- **WHAT TO DO**:
Keep the pictures out. Write out every line of the listing exactly.

- **PROVIDED MATERIAL**:
§ §

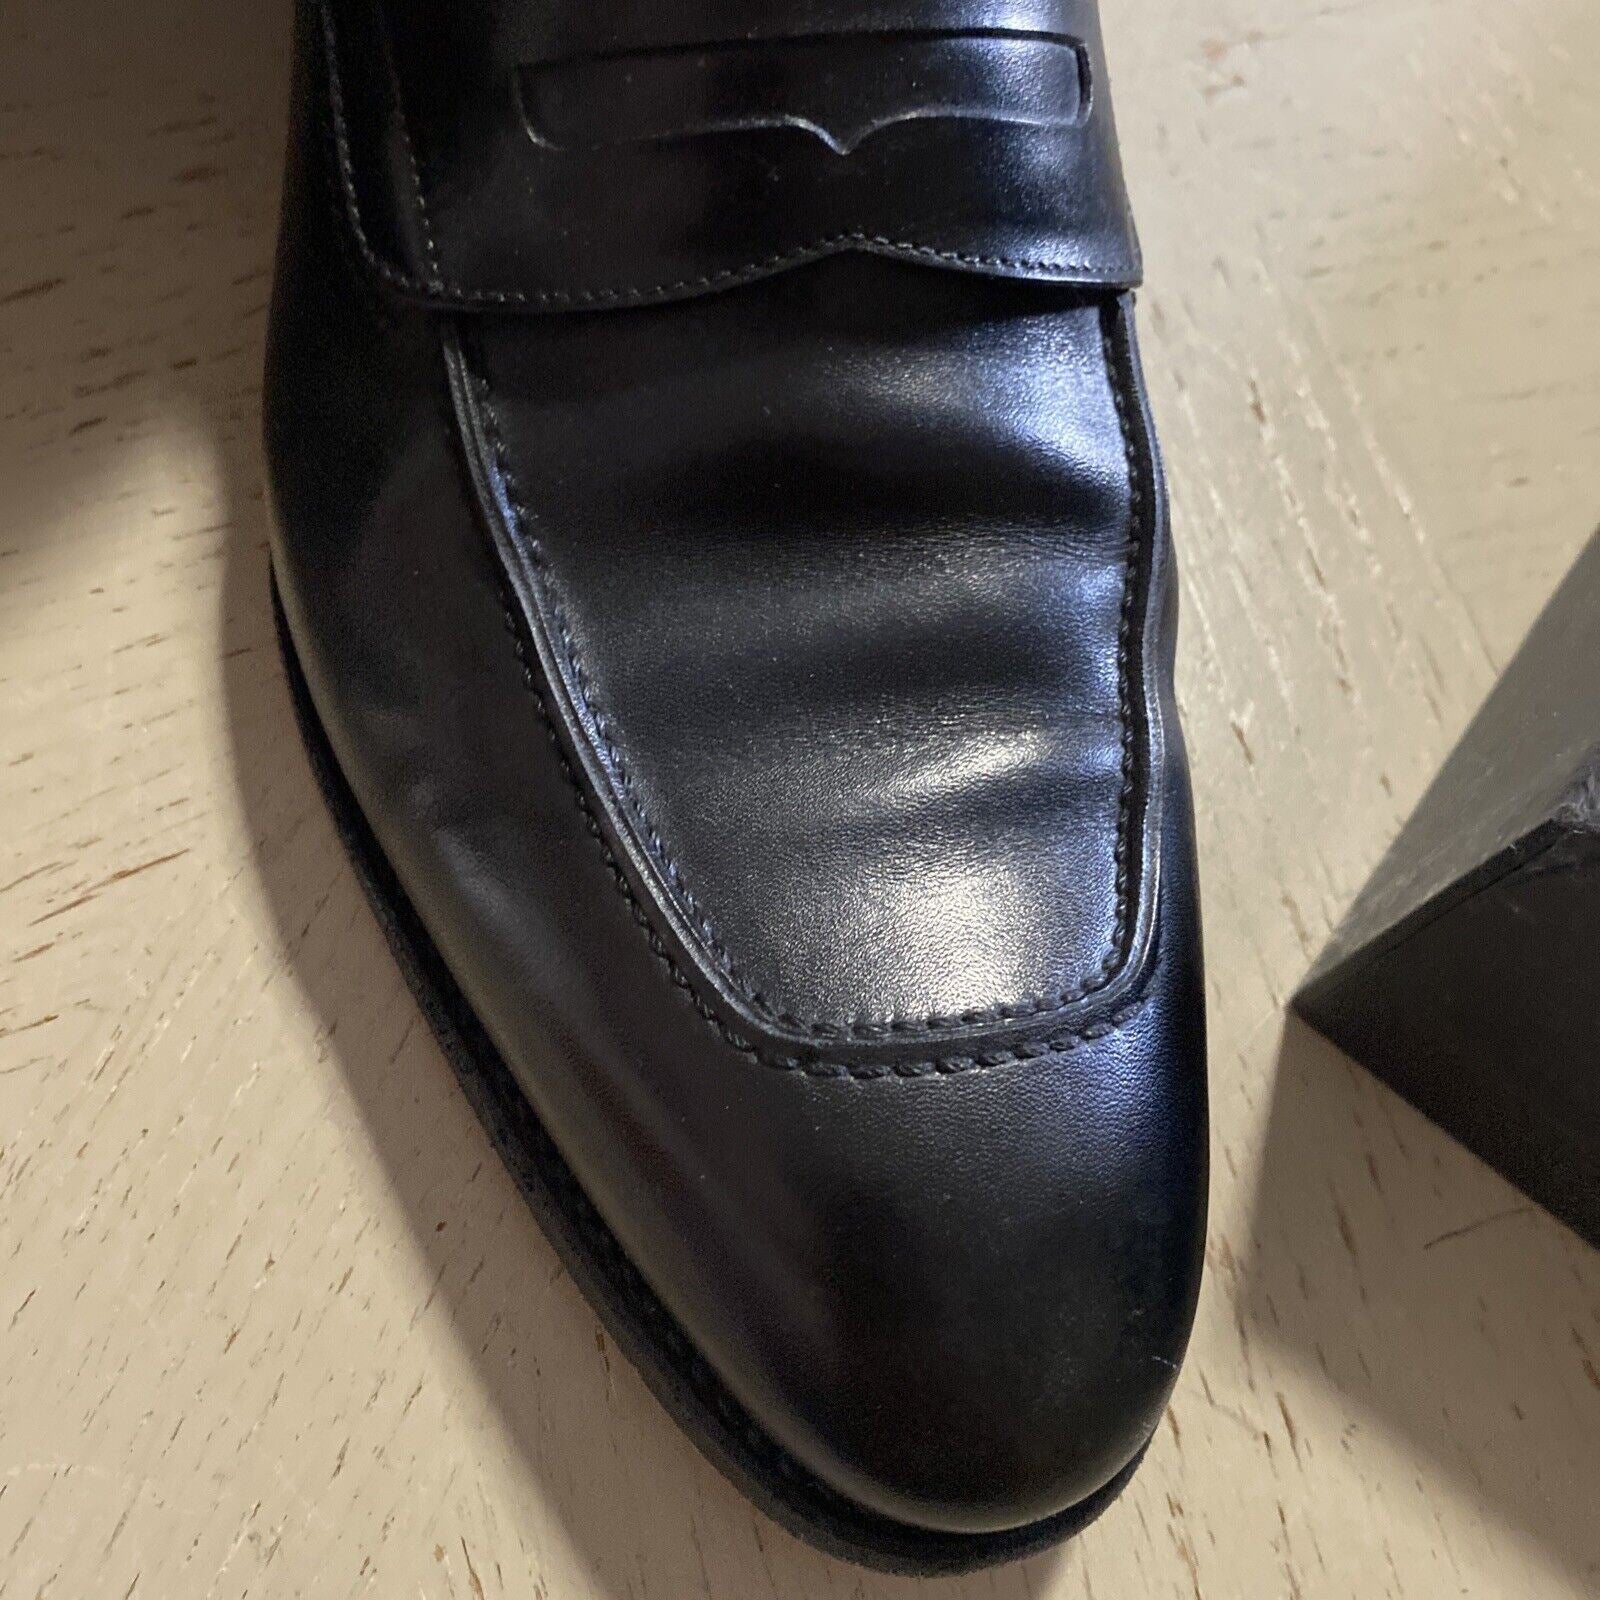 1295 $ Ermenegildo Zegna Couture Leder-Loafer-Schuhe Schwarz 9,5 US (42,5 Eu)
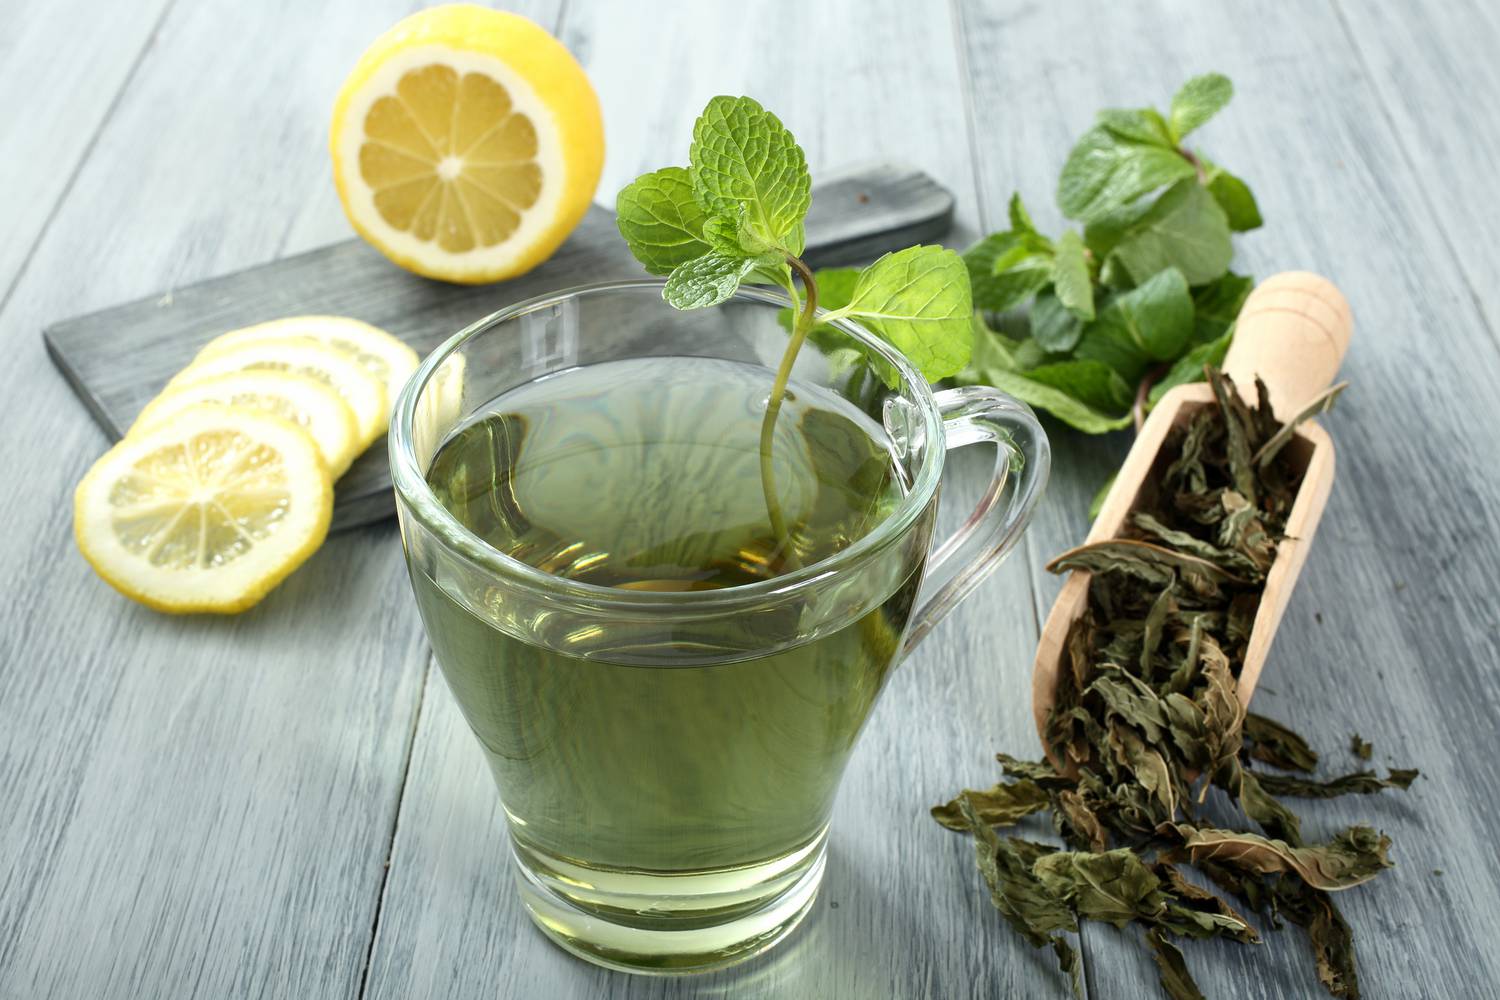 zöld tea diéta
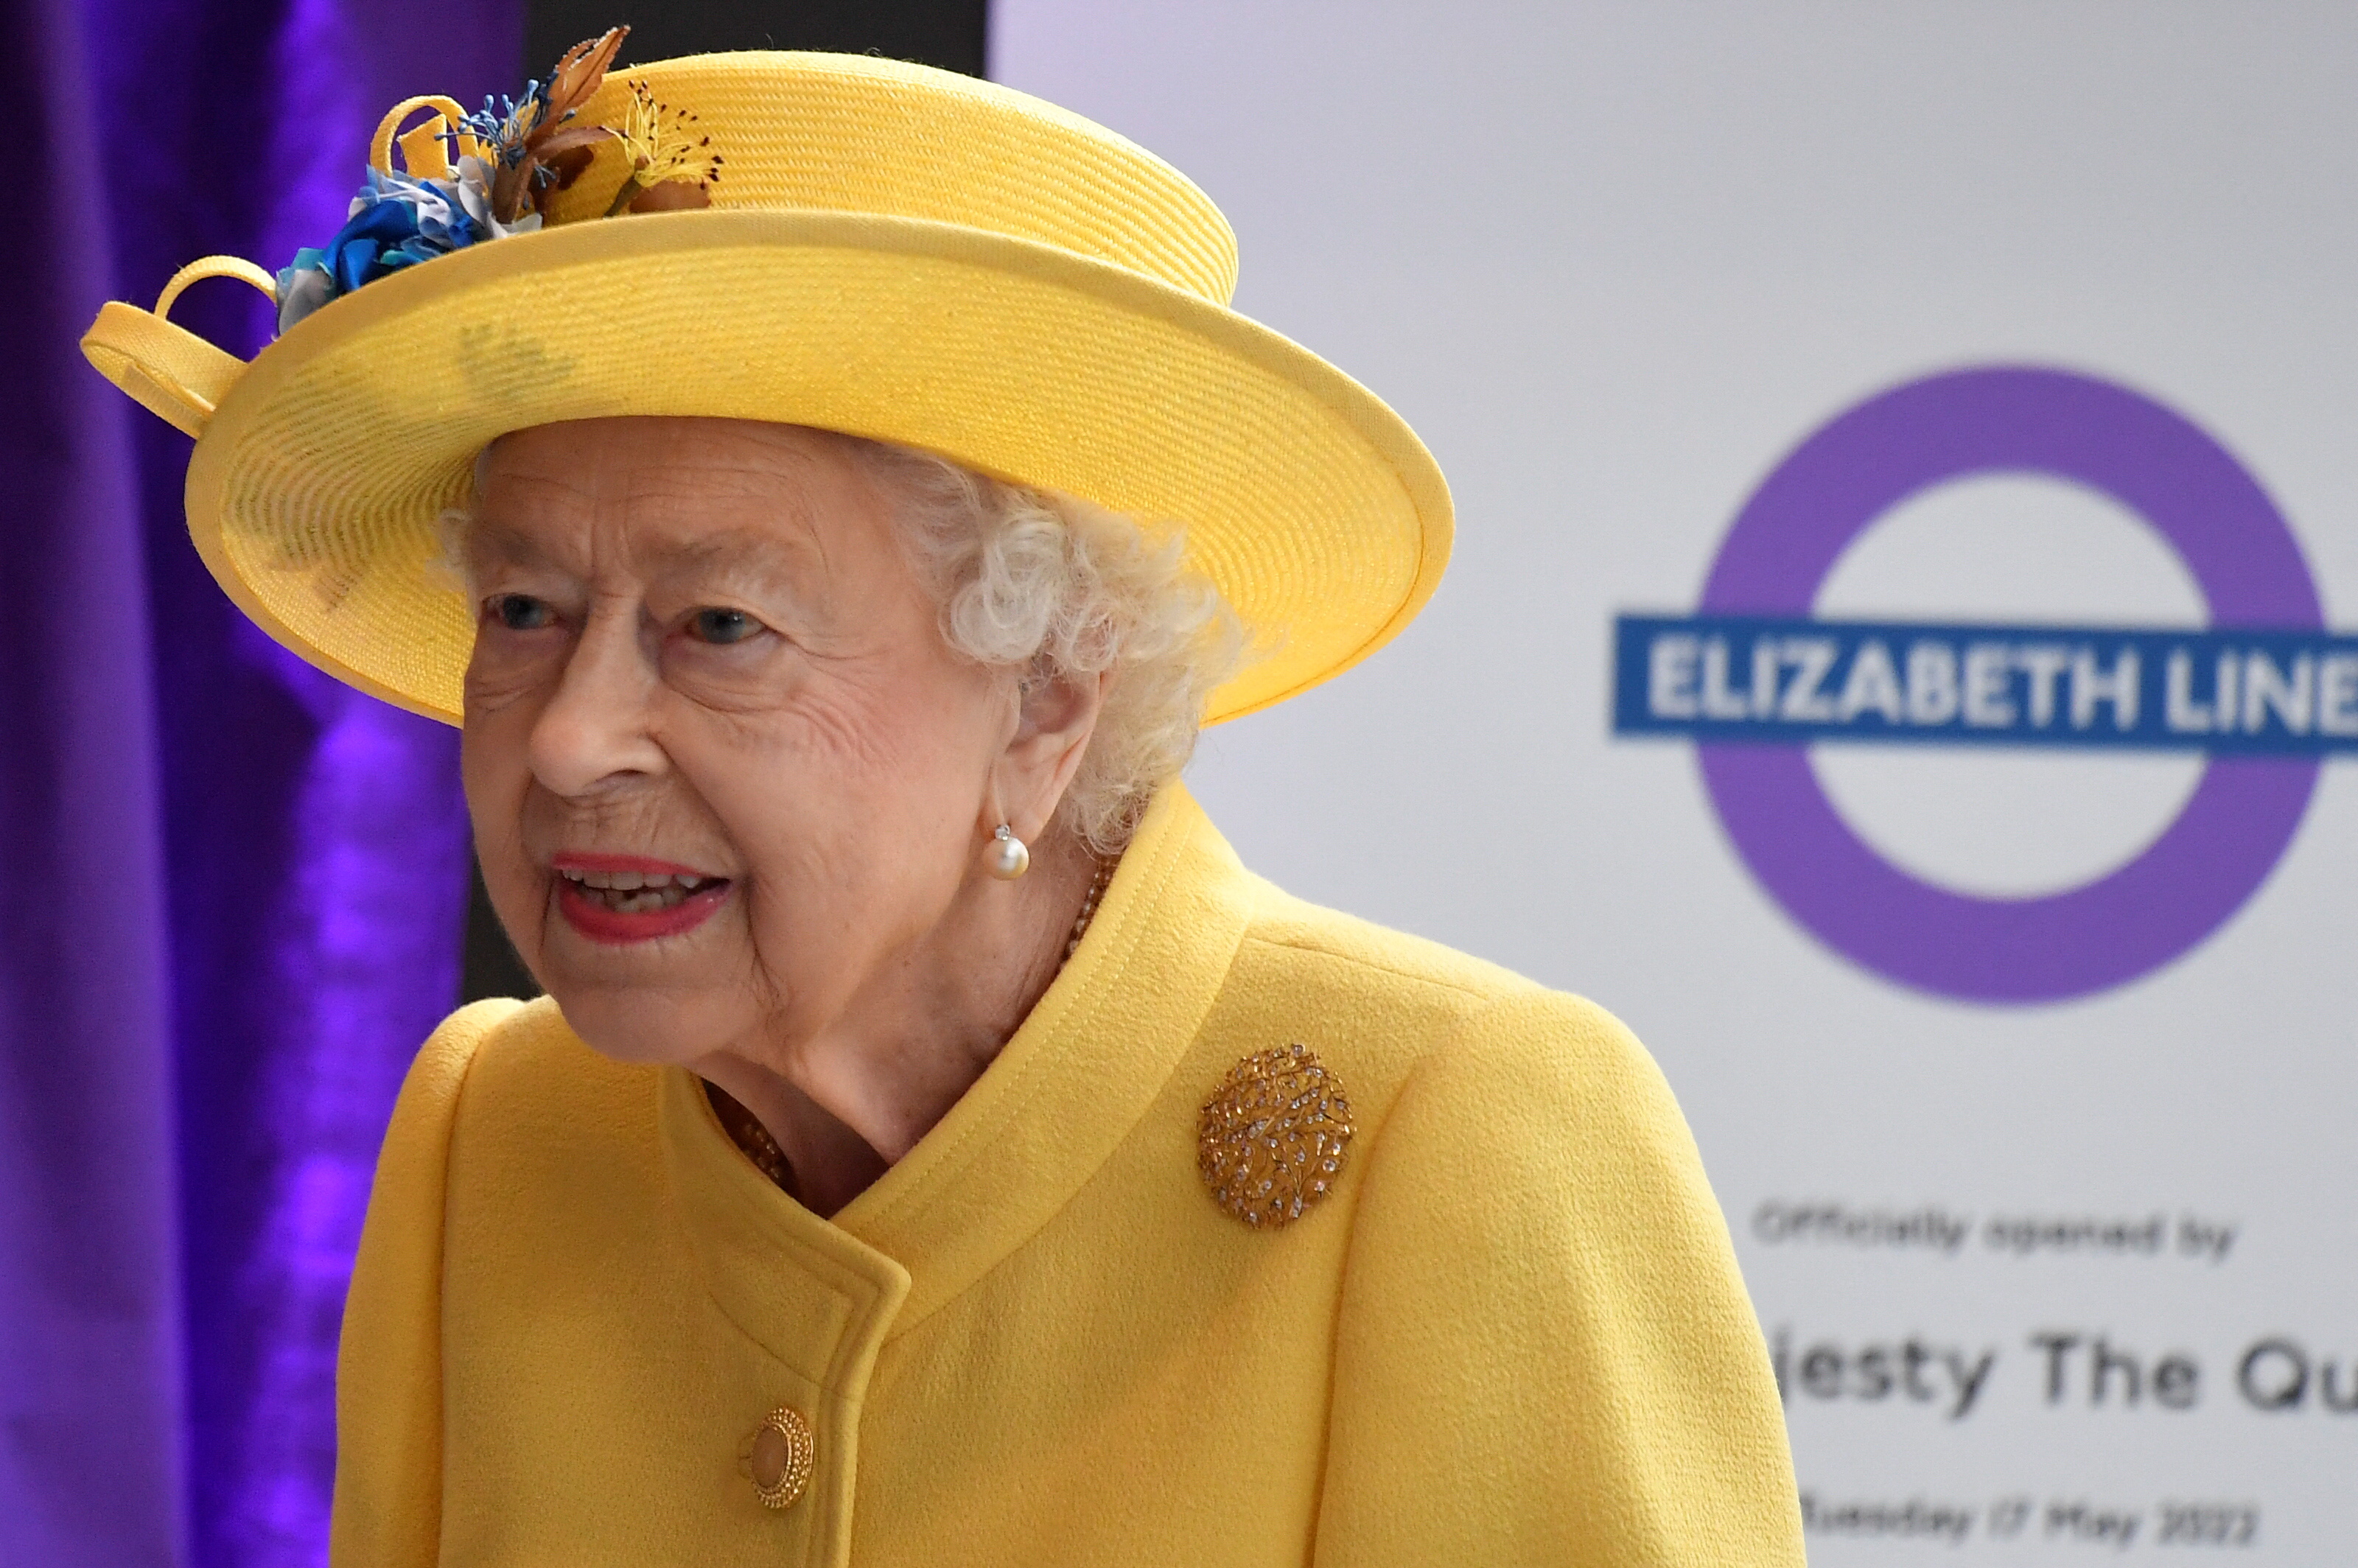 La presencia de la reina es una “noticia feliz”, subrayó un portavoz del Palacio de Buckingham. (REUTERS/Toby Melville)

§ §

- **RESPONSE BELOW**:
 1295 $ Ermenegildo Zegna Couture Leder-Loafer-Schuhe Schwarz 9,5 US (42,5 Eu)
 zöld tea diéta
 La presencia de la reina es una “noticia feliz”, subrayó un portavoz del Palacio de Buckingham. (REUTERS/Toby Melville)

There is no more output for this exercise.